A sequenced insert is similar to a current insert, but allows the user to specify the valid-time of the inserted rows. Inserted rows can be history, current, or future rows.
The INSERT statement cannot specify explicit values for the transaction-time column if the table has transaction time. The system maintains the transaction time. The transaction-time column name cannot be specified in the named list or assignment list of a sequenced INSERT statement. The system skips the transaction-time column position when mapping the values to the columns.
The period value specified for the valid-time column must be assignable to the valid-time column of the target table, and cannot be NULL.

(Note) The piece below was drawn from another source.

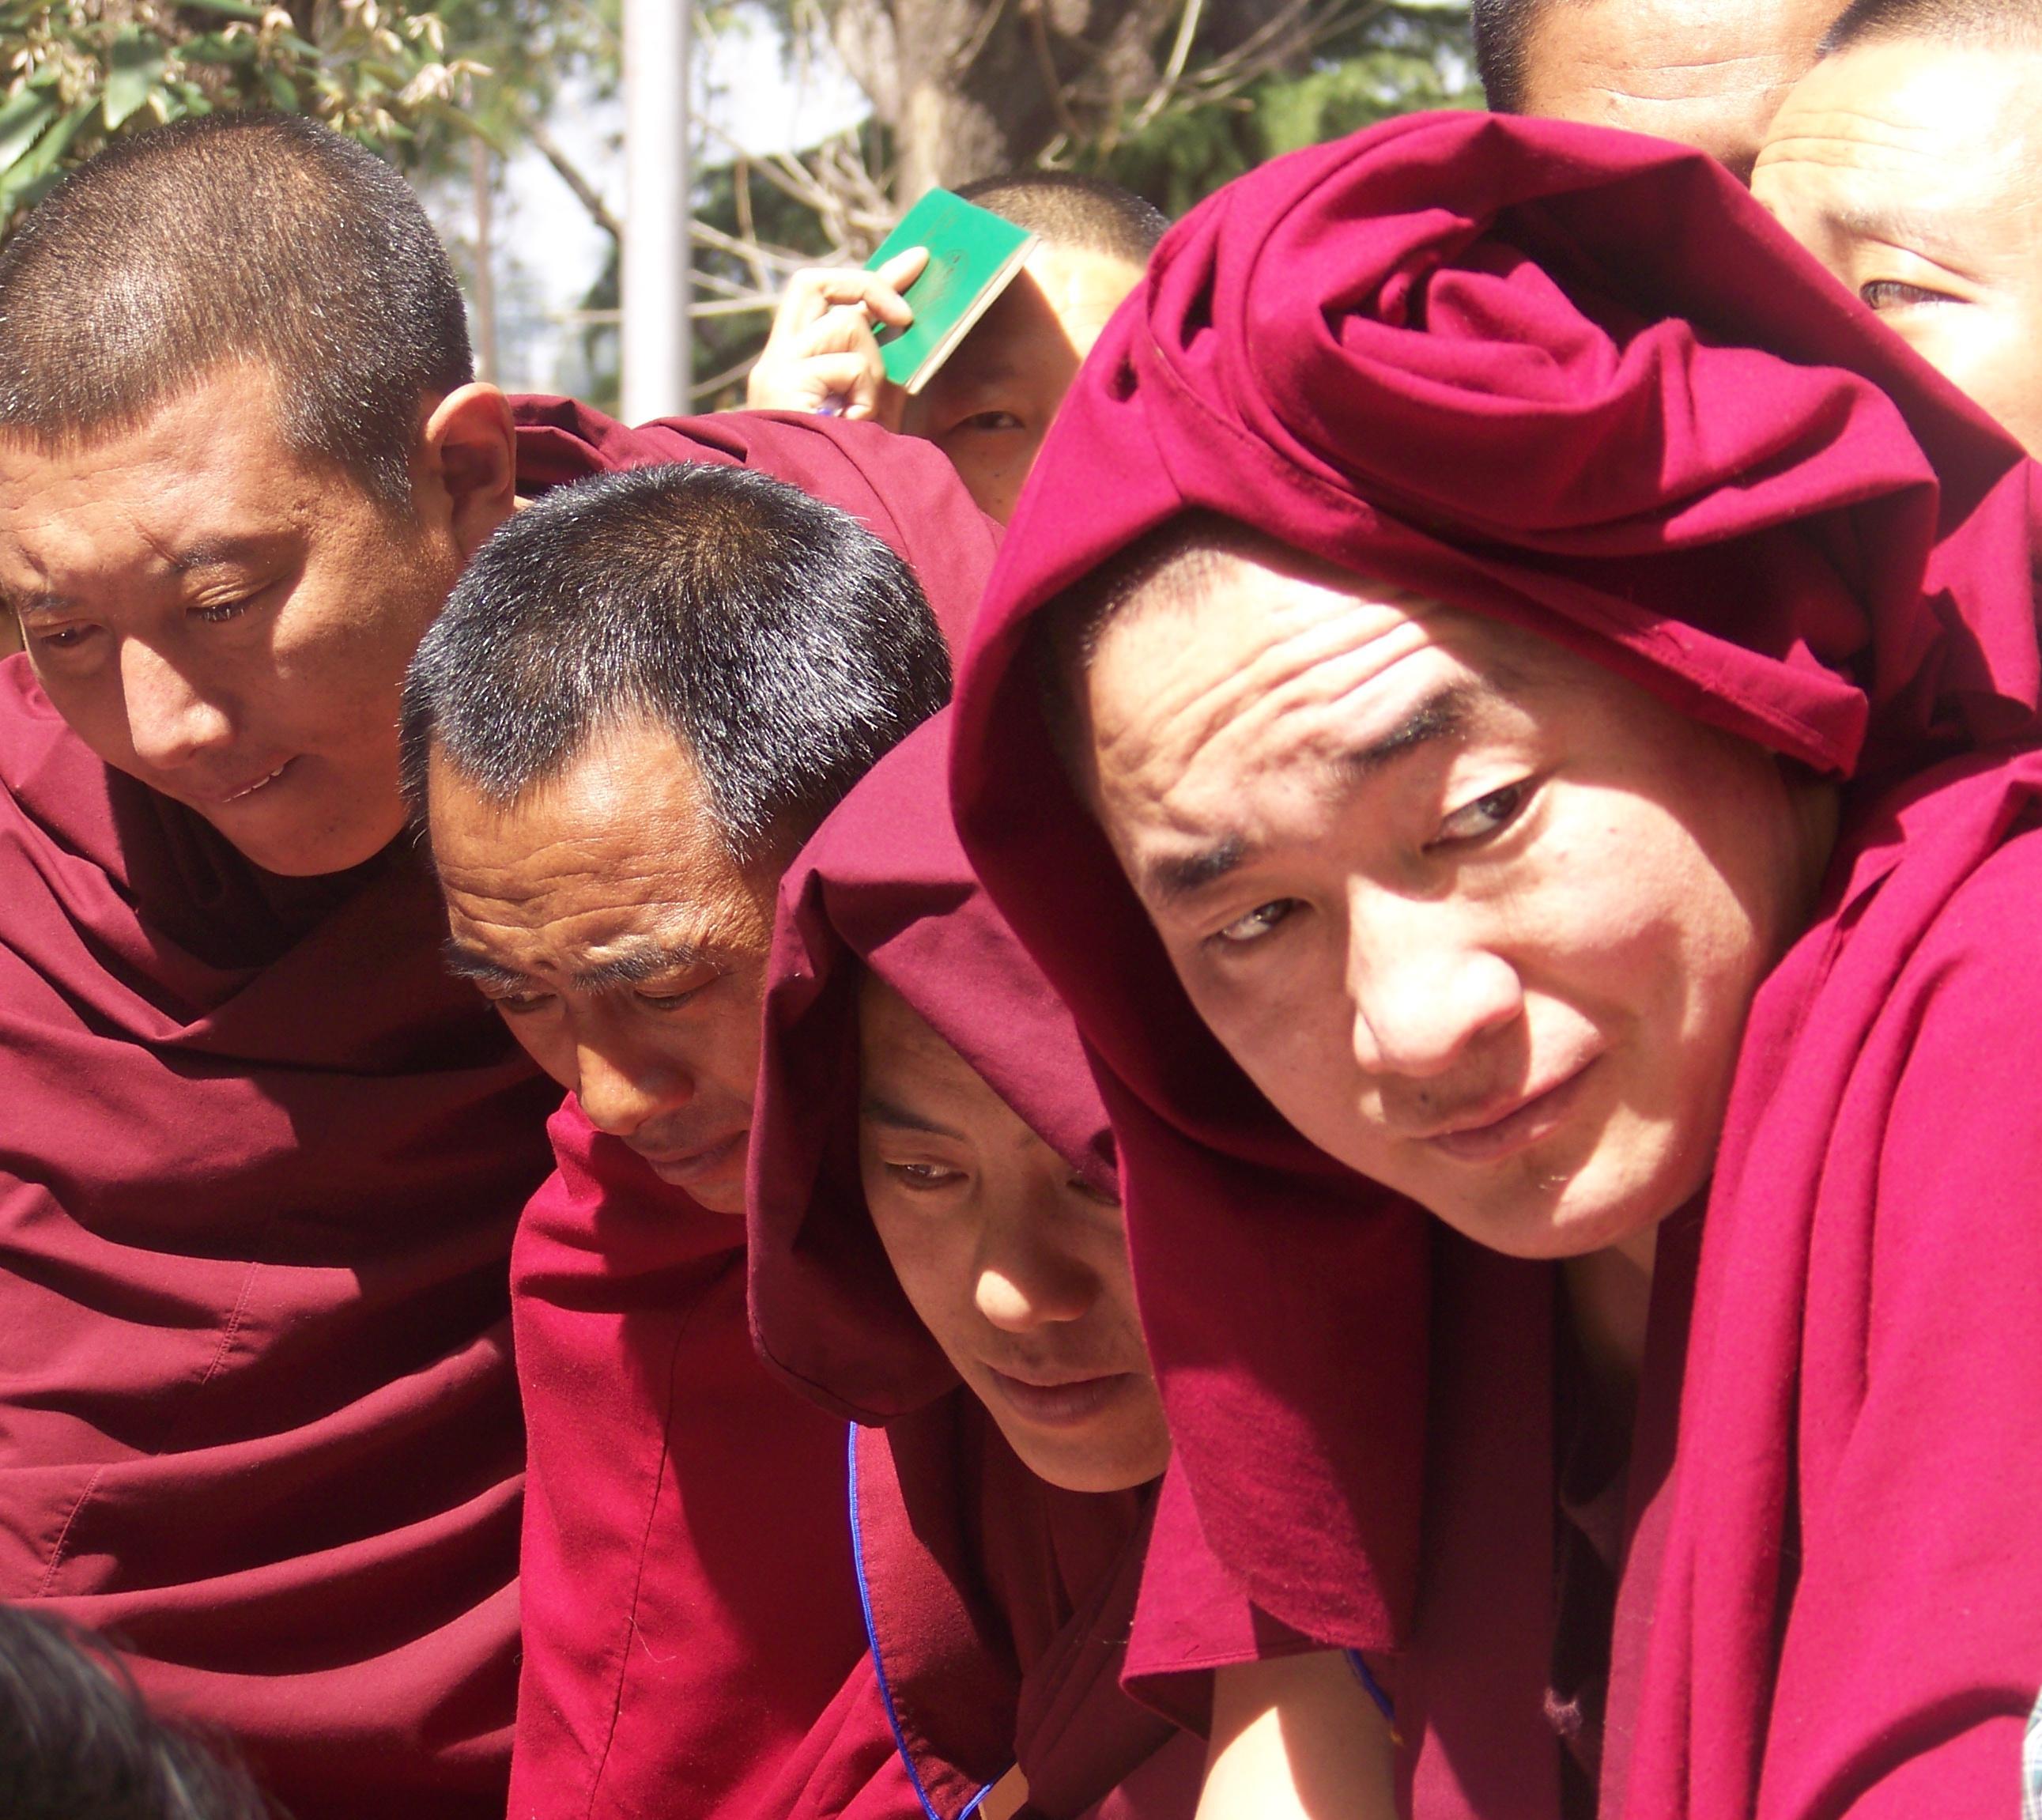 102_2358 Jonathan Machler, Tibétains à Dharamsala, Copyright

For a target table with valid time where the INSERT statement does not specify a SELECT:
- If a positional assignment list is specified, the valid-time value is read from the value list in the same position as that of the valid-time column position. If a value is specified, the value is assigned to the valid-time column. If no value is specified for the valid-time column in the positional assignment list, its value is set to the default value of the valid-time column.

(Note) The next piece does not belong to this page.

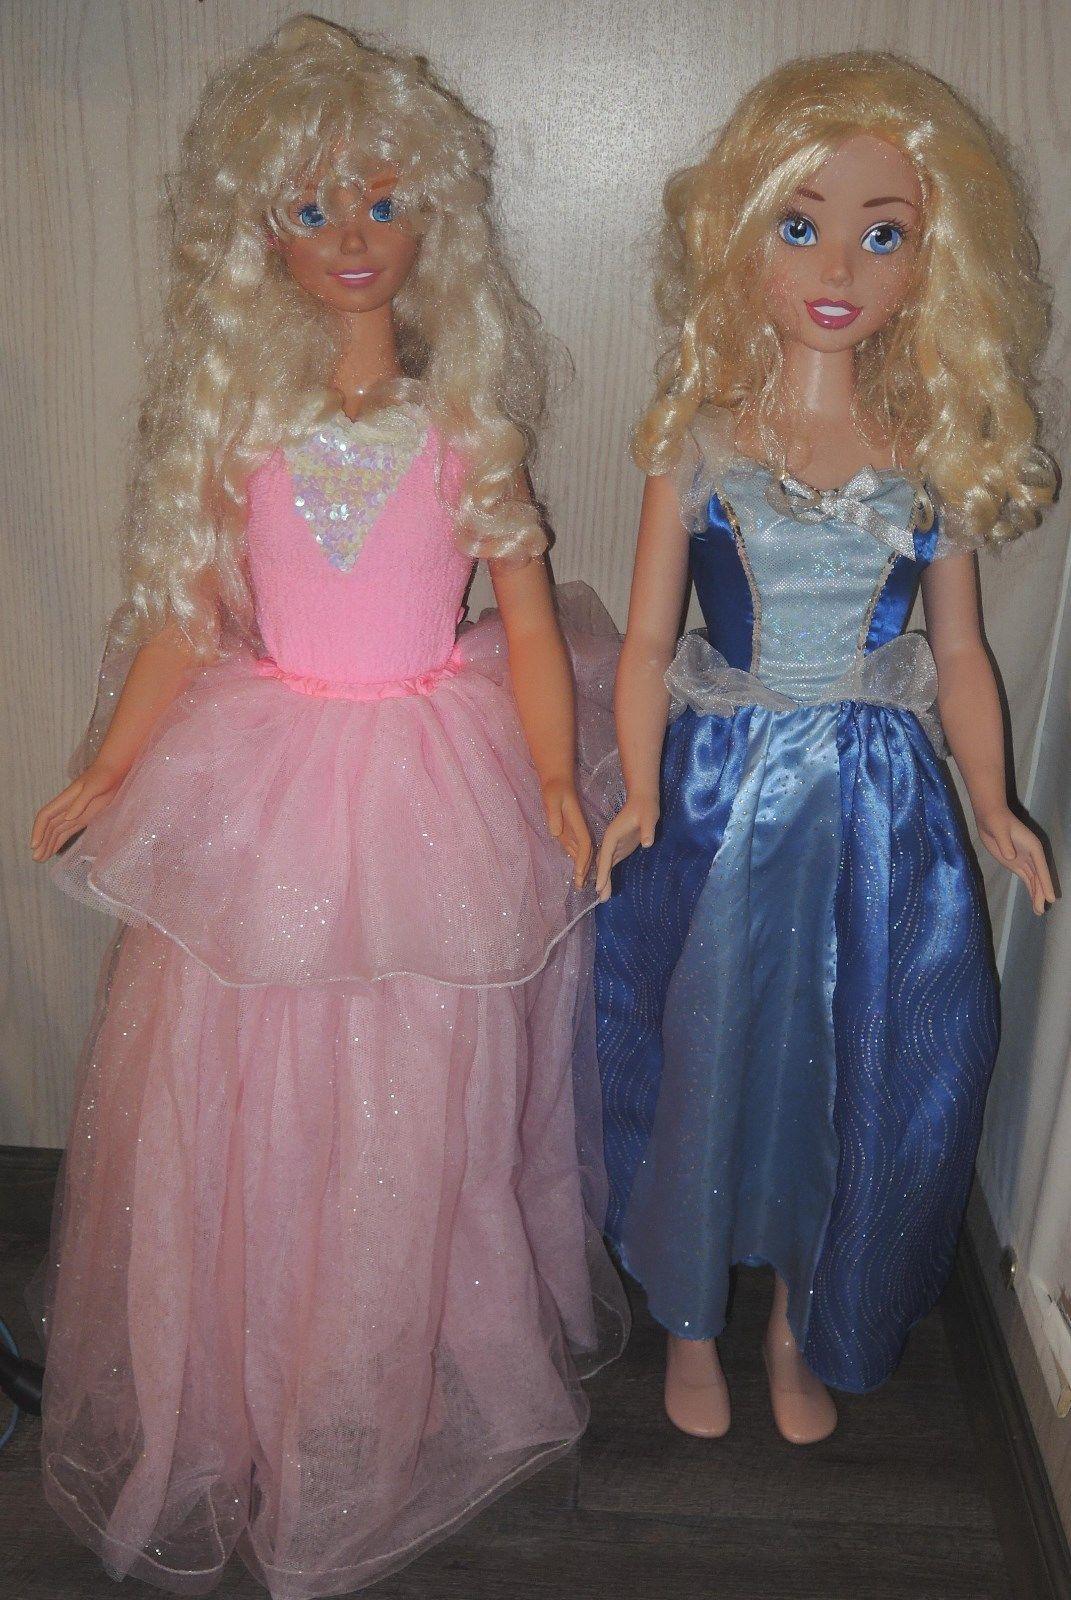 Sale Lot Disney Frozen Elsa My Life Size Barbie Dolls 38 Tall W

- The valid-time column name can be specified in a named list or assignment list to specify a value. If the named list or assignment list does not specify a valid-time column, the valid-time value is set to its default value.
For a target table with valid time and an INSERT … SELECT statement:
- The SELECT subquery must reference a table that has a valid-time column.
- Do not specify the valid-time column or value in the select list. If the target is a bitemporal table, do not specify the valid-time or transaction-time column names or values in the select list. The values from the SELECT list are positionally assigned to the corresponding columns in the target table as if valid-time and transaction-time columns do not exist in the target.
- The SELECT statement is executed as a sequenced SELECT if at least one table is a table with valid time. The result rows of a SELECT are inserted into the target table with their valid time period set to the overlap (P_INTERSECT) of the source row period of validity with the SELECT statement period of applicability. The precision of the resulting overlapped valid-time value must be assignable to the valid-time period of the target table.
- If a valid-time column in the target table is a derived period column, the beginning and end bounds of the inserted rows are assigned to the component columns of the derived period valid-time column in the target table.